The game was pretty low on bugs, but there were a few. The first I noticed was this one time, a very hairy man (many levels before this became a condition in the game) was standing in the hall, blinking quickly (I mean like blinking in and out of existence, not batting his lashes quickly). I clicked on him, he separated into two characters, and the game crashed. Second, people sometimes pass right through each other rather than going around. Third, the staff sometimes inexplicably doesn’t go to their staff rooms well beyond their recommended mark for going there, and reach their maximum fatigue and demand a pay increase. Maybe I'm just missing something, and maybe it was intentional, but it was never mentioned in the manual and I think it's a bug. Fourth, if you're carrying someone while a fax comes in, the game crashes. Fifth, sometimes you get a fax with very nasty news in it, but the fax marks it "hurrah!".

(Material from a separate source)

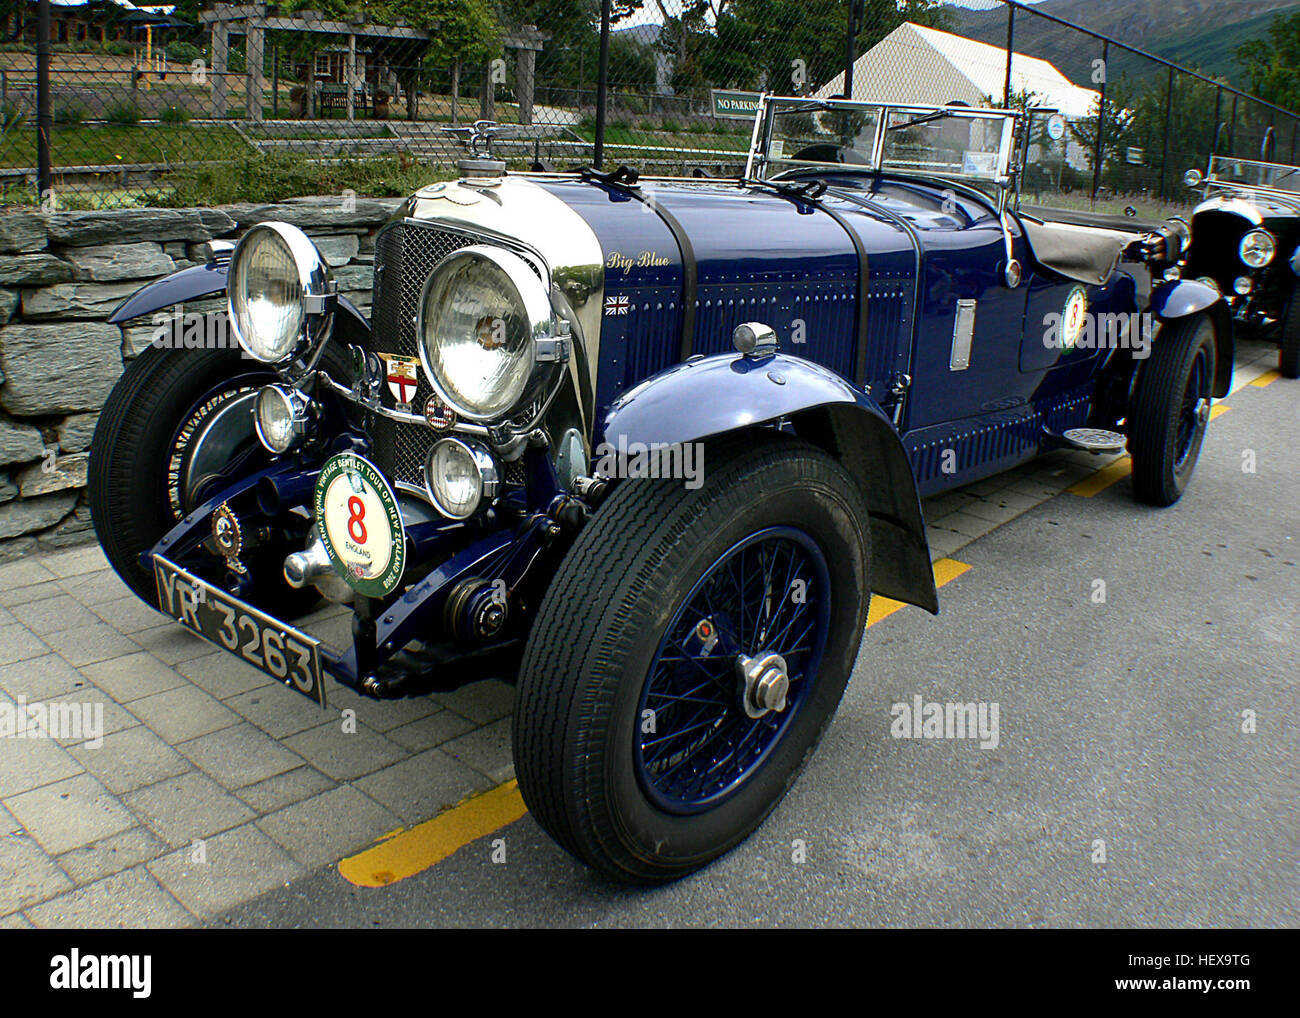 El ordinario Bentley 6½ litro y el alto rendimiento velocidad Bentley seis eran los deportes y los coches de lujo basado en chasis de rodadura de Bentley en producción desde 1926 hasta 1930. La velocidad 6, introducida en 1928, se convertiría en la más exitosa racing Bentley. Dos Bentley Speed 6 pasó a ser conocido como el Blue Train Bentleys Woolf Barnato propietario después de su participación en el tren azul de carreras de 1930. Foto de stock

Finally, there are some things that just make this a bad game to play 10 years after it was made. I played it on a Windows XP, but I'm guessing Windows Vista would be even worse. First, the autorun doesn't work. It tells you to "Proceed", but nothing in the autorun will actually start the game. So, after you install it, if you put the CD back in the autorun is just an annoyance, because you'll just have to run it yourself anyway. Second, sometimes when you exit the game, Windows tells you that "an error has occurred and the program needs to close". Third, there's absolutely no music. For me at least, there was nothing I could do. Music was turned on in the game and its volume up. Songs were picked out. Heck, I even want to the install location and found the songs. But they were in an outdated "XMI File" format, so no program outside of Theme Hospital would play them either. So, no music for me while I was playing the game.

The Bottom Line
Years ago, I played it, got to about the 4th level, then probably went away and played something else. More recently, I reinstalled it, and got to about the 7th level or so, but grew so aggravated at the excessively large hospitals, the epidemics, the vomit waves, the expensive equipment, and the fragile reputation that I just gave it up and uninstalled it. That's the way this game goes. It starts off pretty fun, but as you move up to higher levels, it becomes more and more complicated (much faster than anyone could ever get better at the game, so it doesn't even follow Mihaly Csikszentmihalyi’s idea of "flow", meaning the learning curve is way too steep for the increase in difficulty [or the patience of the player]), up until the point you could get more enjoyment out of doing something else than the aggravation trying to continue would cause.

Added to that is a small list of things that stretch the game's suspension of disbelief too far and minor errors that add to aggravation. And added to that are signs that show the game hasn't aged well. If you find a copy of this game, you'll be lucky if it actually runs on your computer. And if it does run, you'll be lucky if it runs well, instead of getting errors in the game or not being able to hear the game's music.

Bottom line: it's kind of fun in the beginning, but gets worse as you progress through the game. Also, by now it might be too old to run or run well on newer computers.